Viendo que la joven había hecho reverencias varias veces, Carson finalmente dijo:
—Está bien, iré al hospital y trataré de salvarlo.

El hermoso rostro de la joven estaba manchado de maquillaje, sus ojos iluminándose con sorpresa:
—Gracias, señor.

Siempre y cuando lo salve, lo compensaré generosamente.

Carson sonrió:
—Bien, me ganaré este dinero.

La ambulancia aún no había llegado cuando un sedán negro llegó a toda velocidad.

Un hombre de unos treinta y seis o treinta y siete años se bajó del coche, seguido por dos corpulentos guardaespaldas.
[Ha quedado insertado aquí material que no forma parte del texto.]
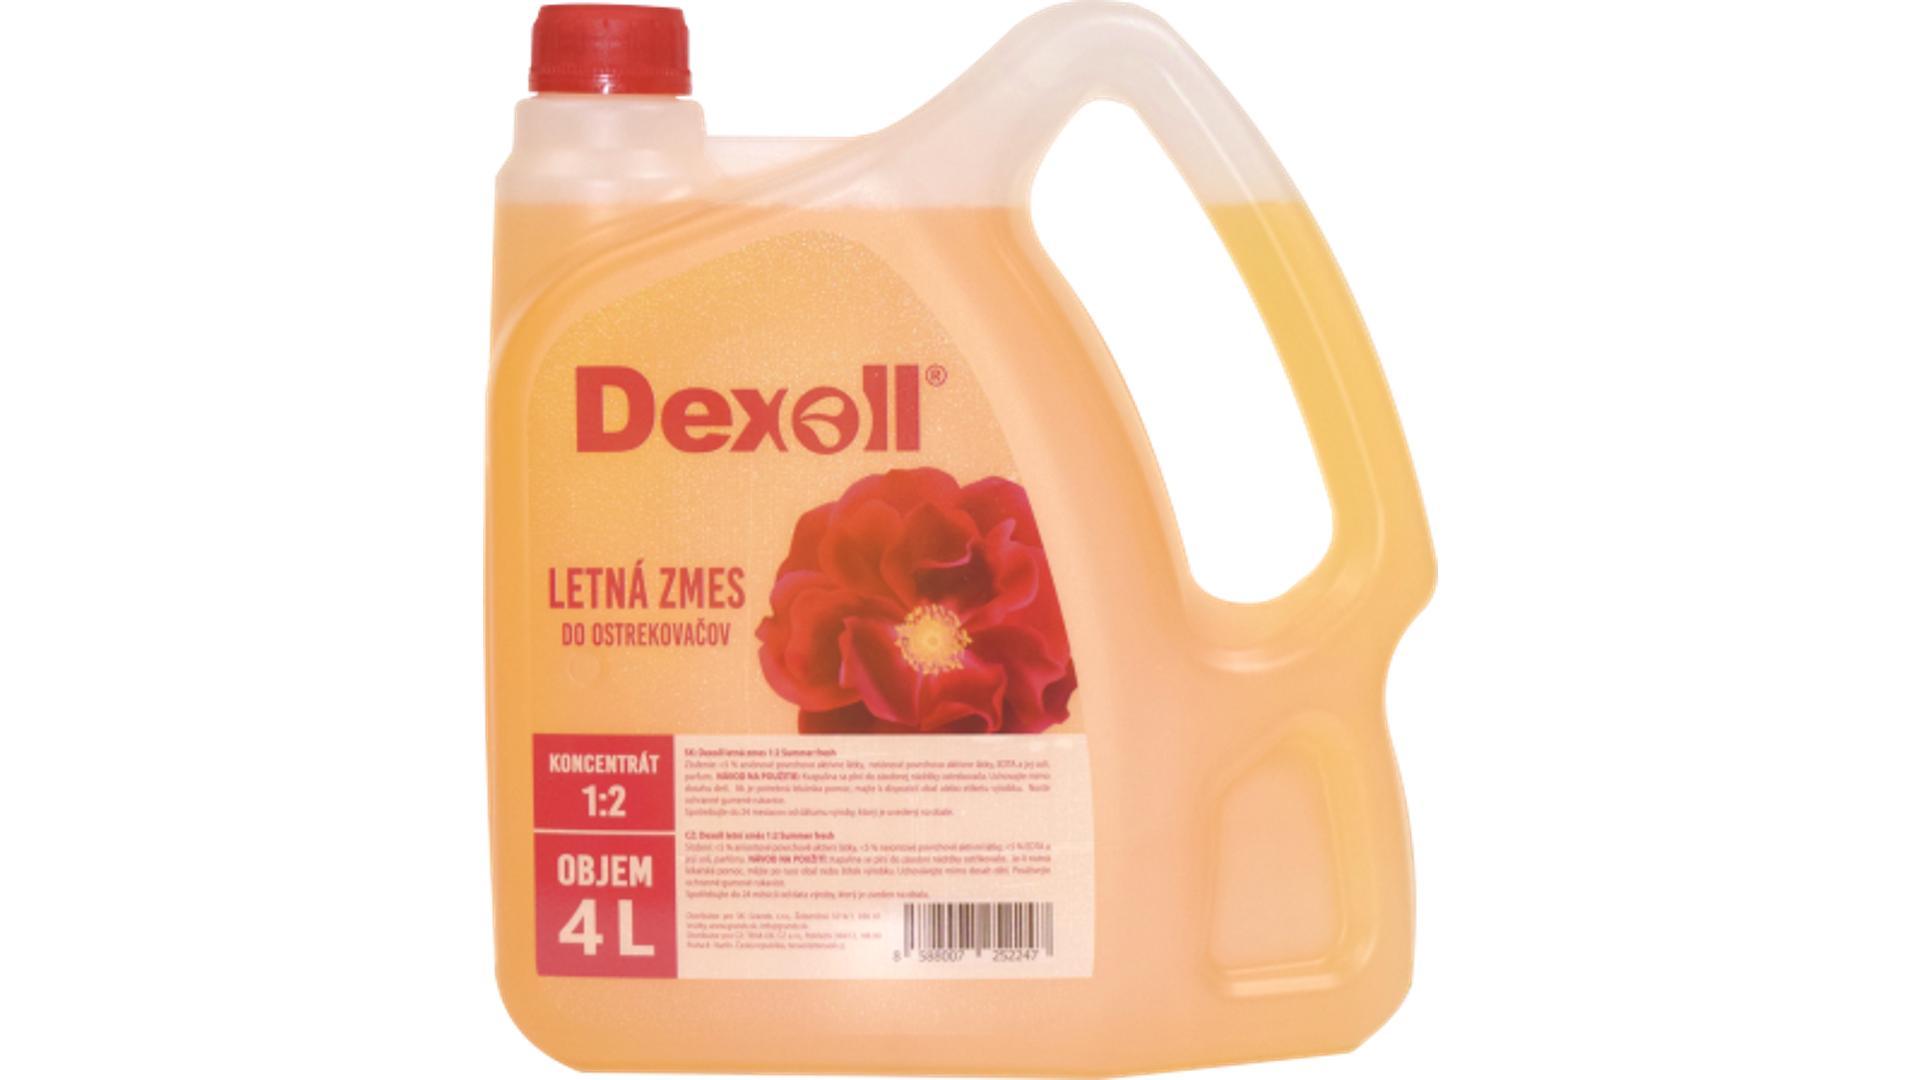 DEXOLL Letná Zmes 4L Summer Fresh 1:2

El hombre se acercó al anciano en el suelo con cara sombría, revisó su cuello, luego dirigió su mirada a la mujer:
—Zara Stein, ¿qué le pasó a mi padre?

Zara Stein respondió con una mirada temerosa:
—Se cayó mientras caminaba, no tiene nada que ver conmigo.

La mirada del hombre recorrió las Agujas de Plata en el cuerpo del anciano y luego se dirigió a Carson:
—¿Tú insertaste estas Agujas de Plata?